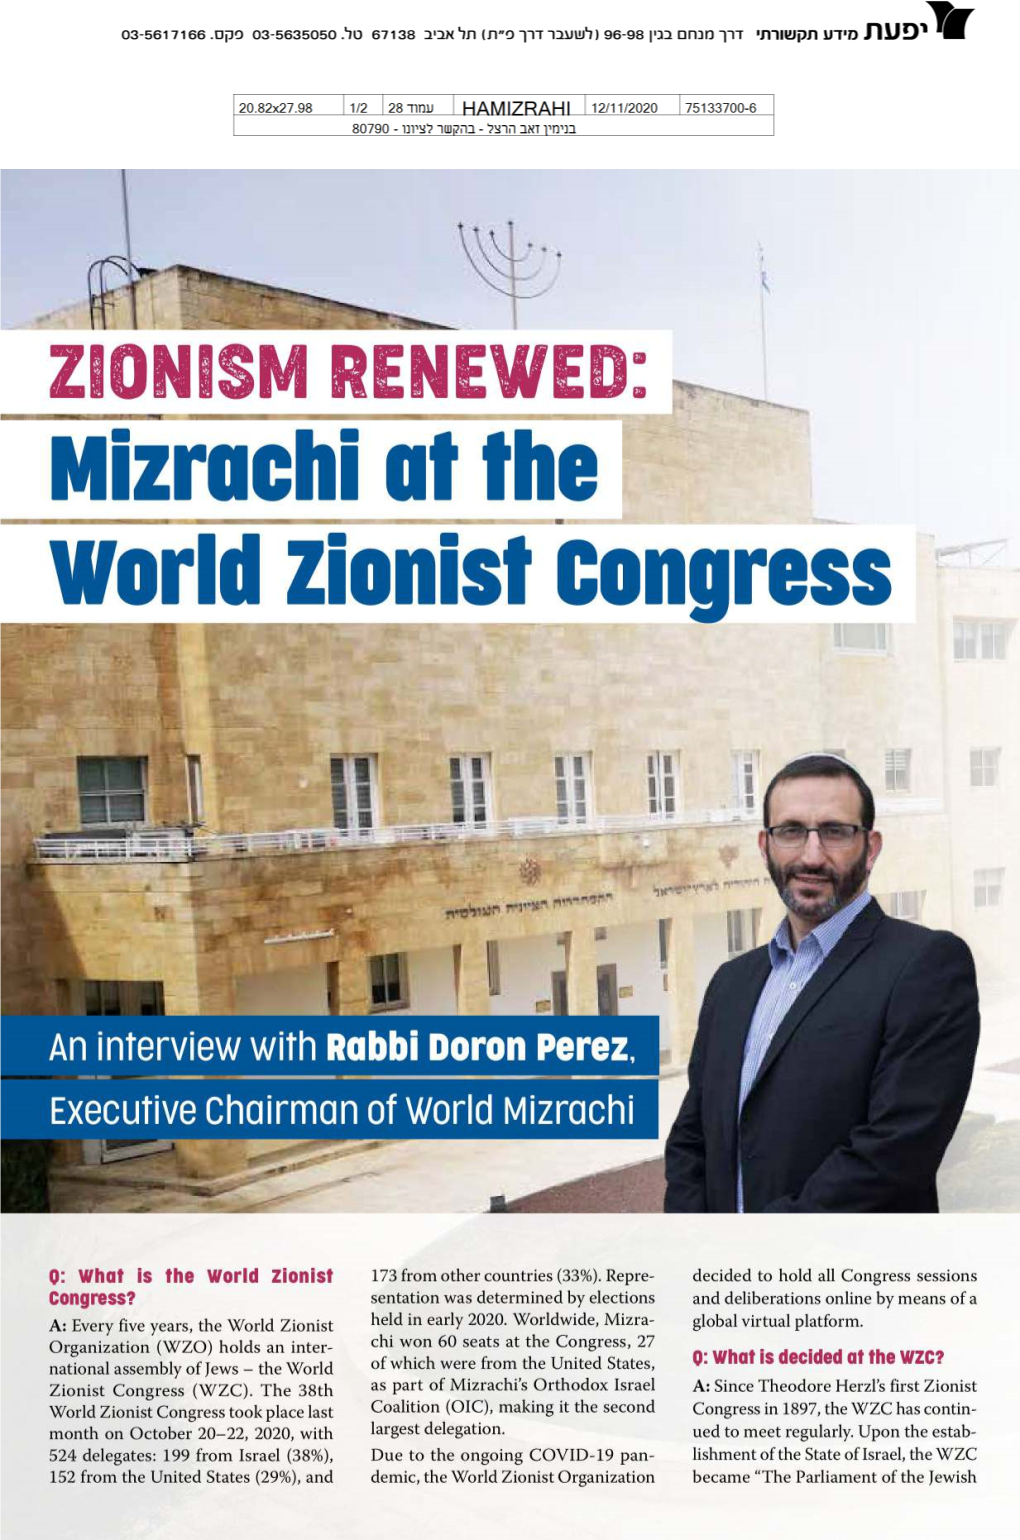 Mizrachi at the World Zionist Congress
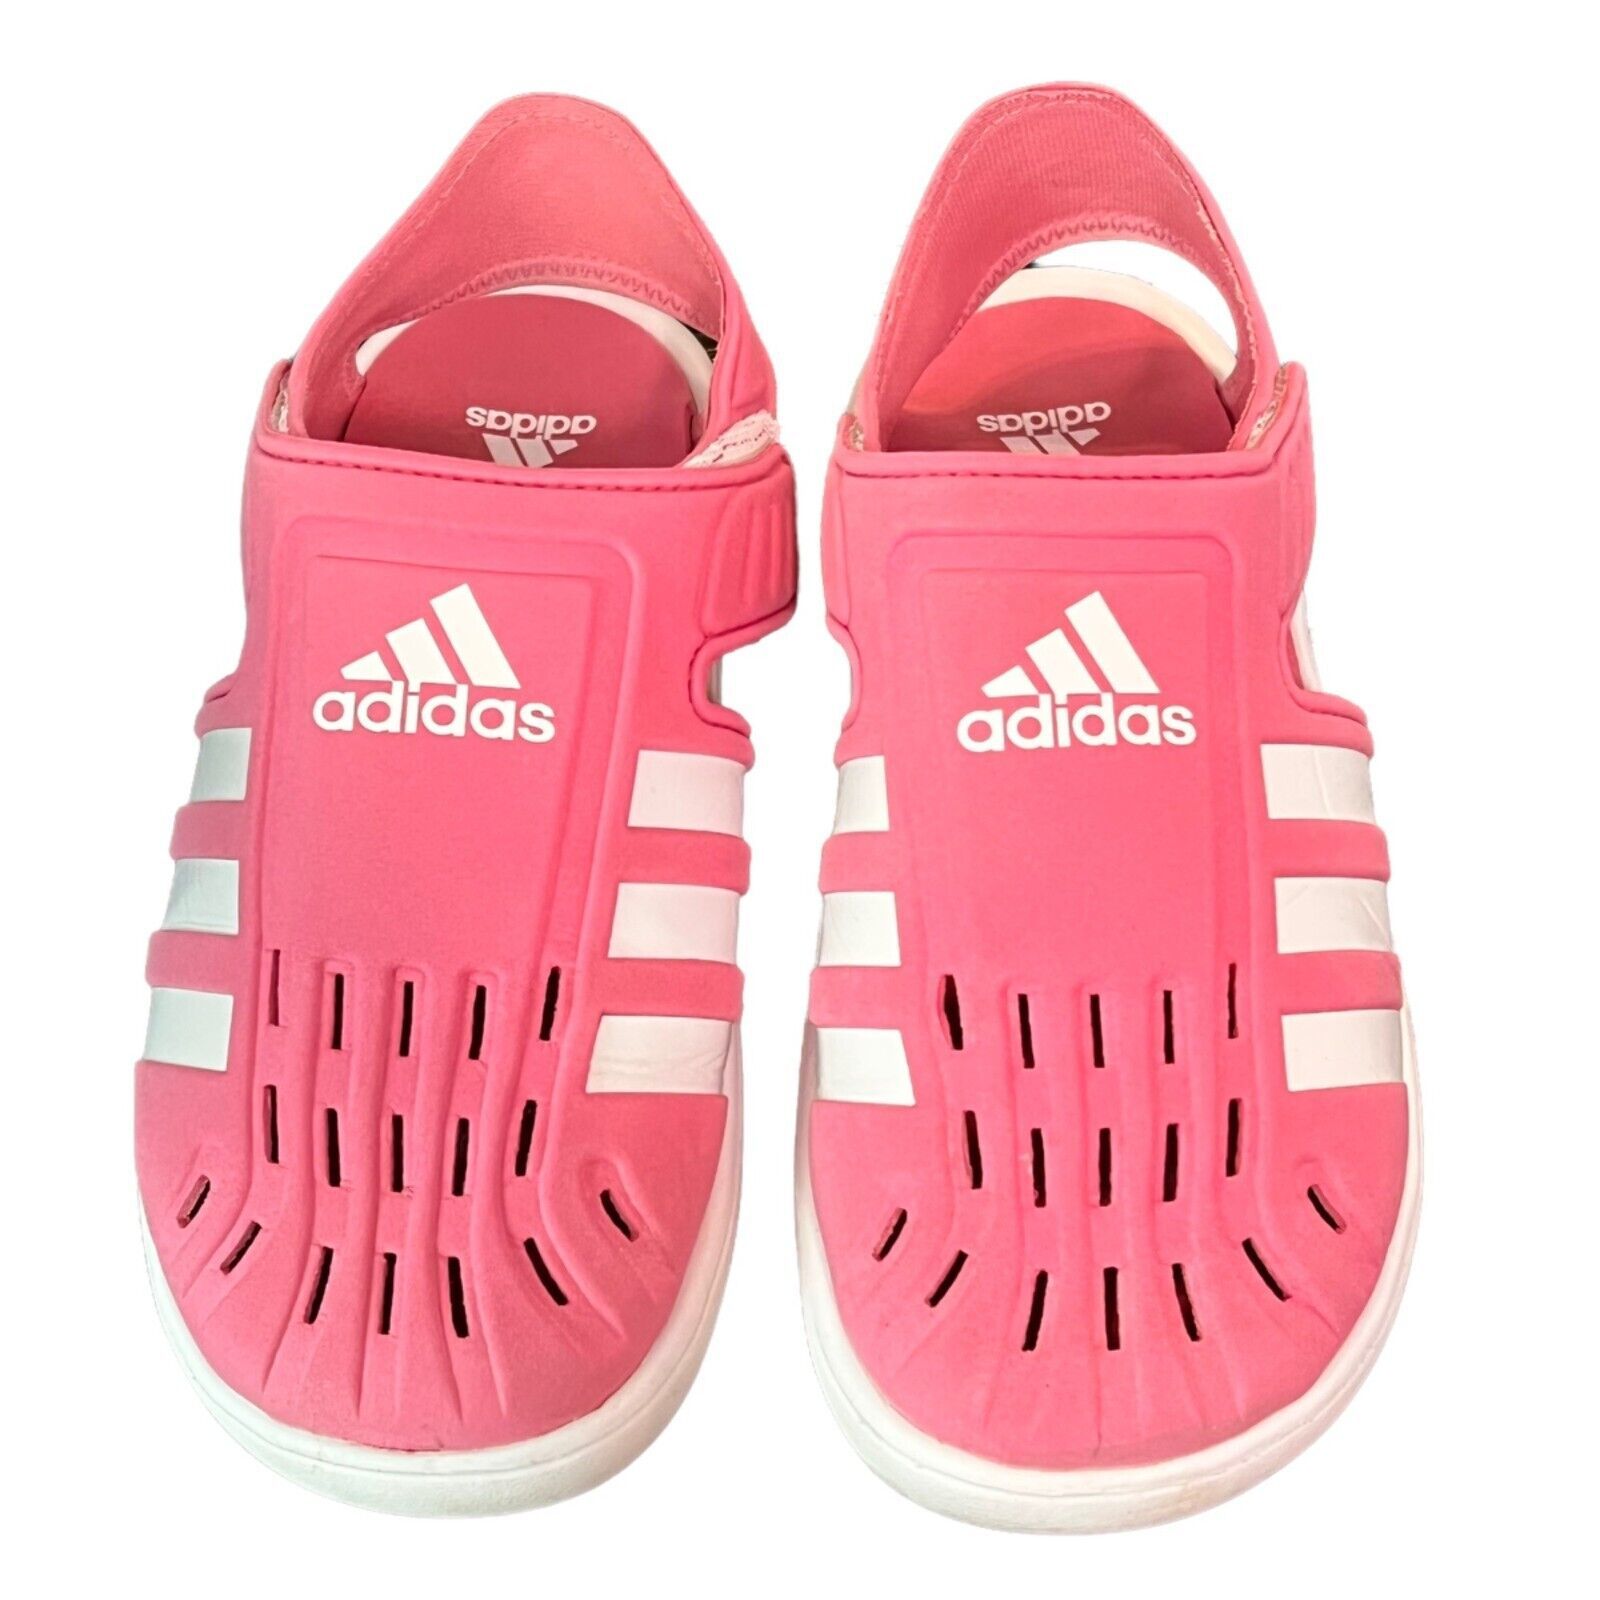 Adidas Pink Deck Sandals Waterproof Rubber Sz 2Y Girls - $14.40
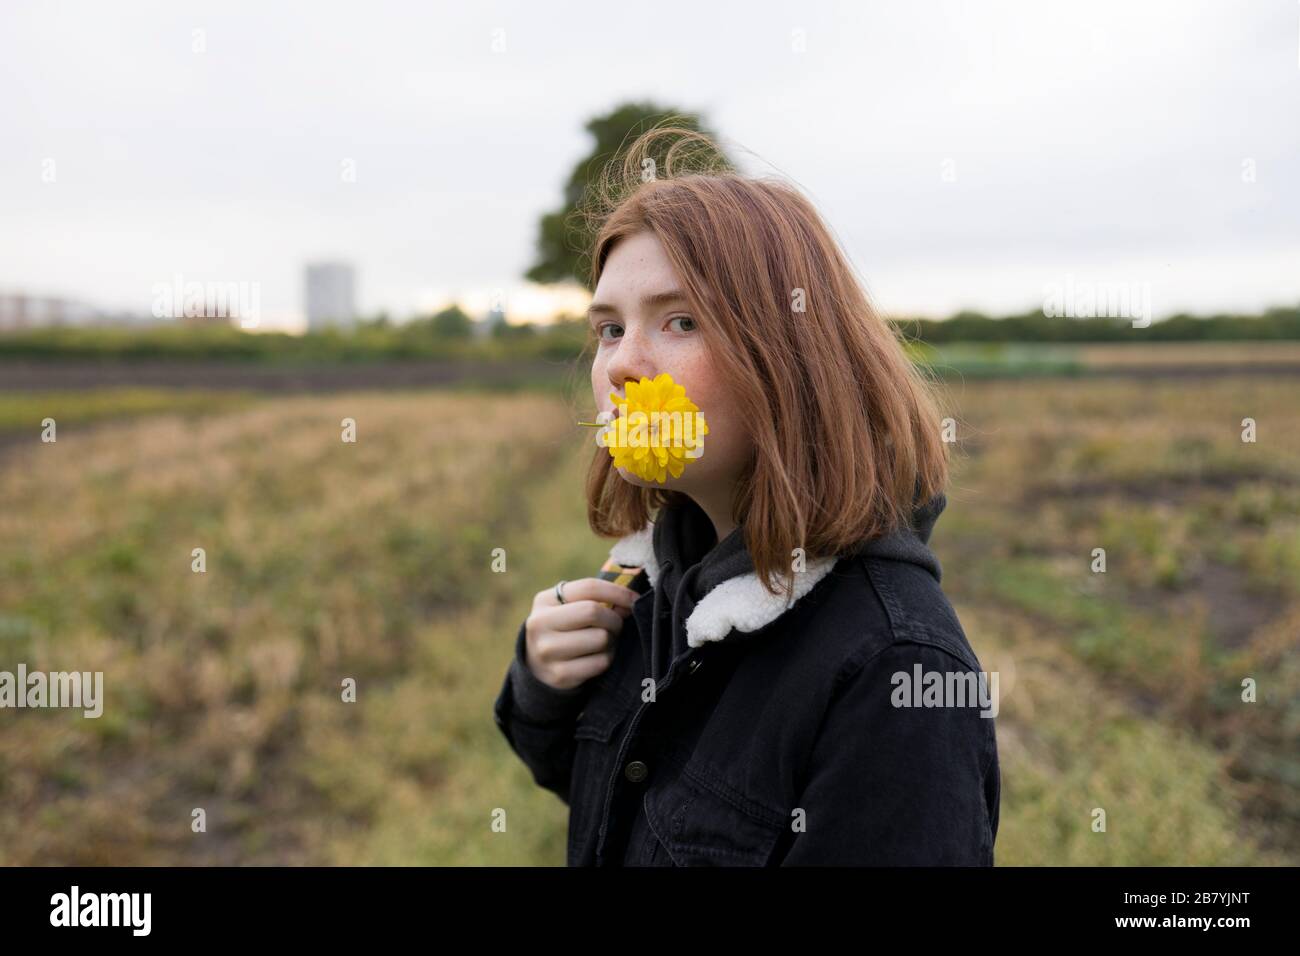 Teenage girl holding yellow flower in field Stock Photo

■ **Task to complete**
Nothing should appear in the answer except the lines from the one containing "Adidas Pink Deck" through the last line of the listing, given again exactly and with no pictures.

■ **Solution below**
 Adidas Pink Deck Sandals Waterproof Rubber Sz 2Y Girls - $14.40
 Teenage girl holding yellow flower in field Stock Photo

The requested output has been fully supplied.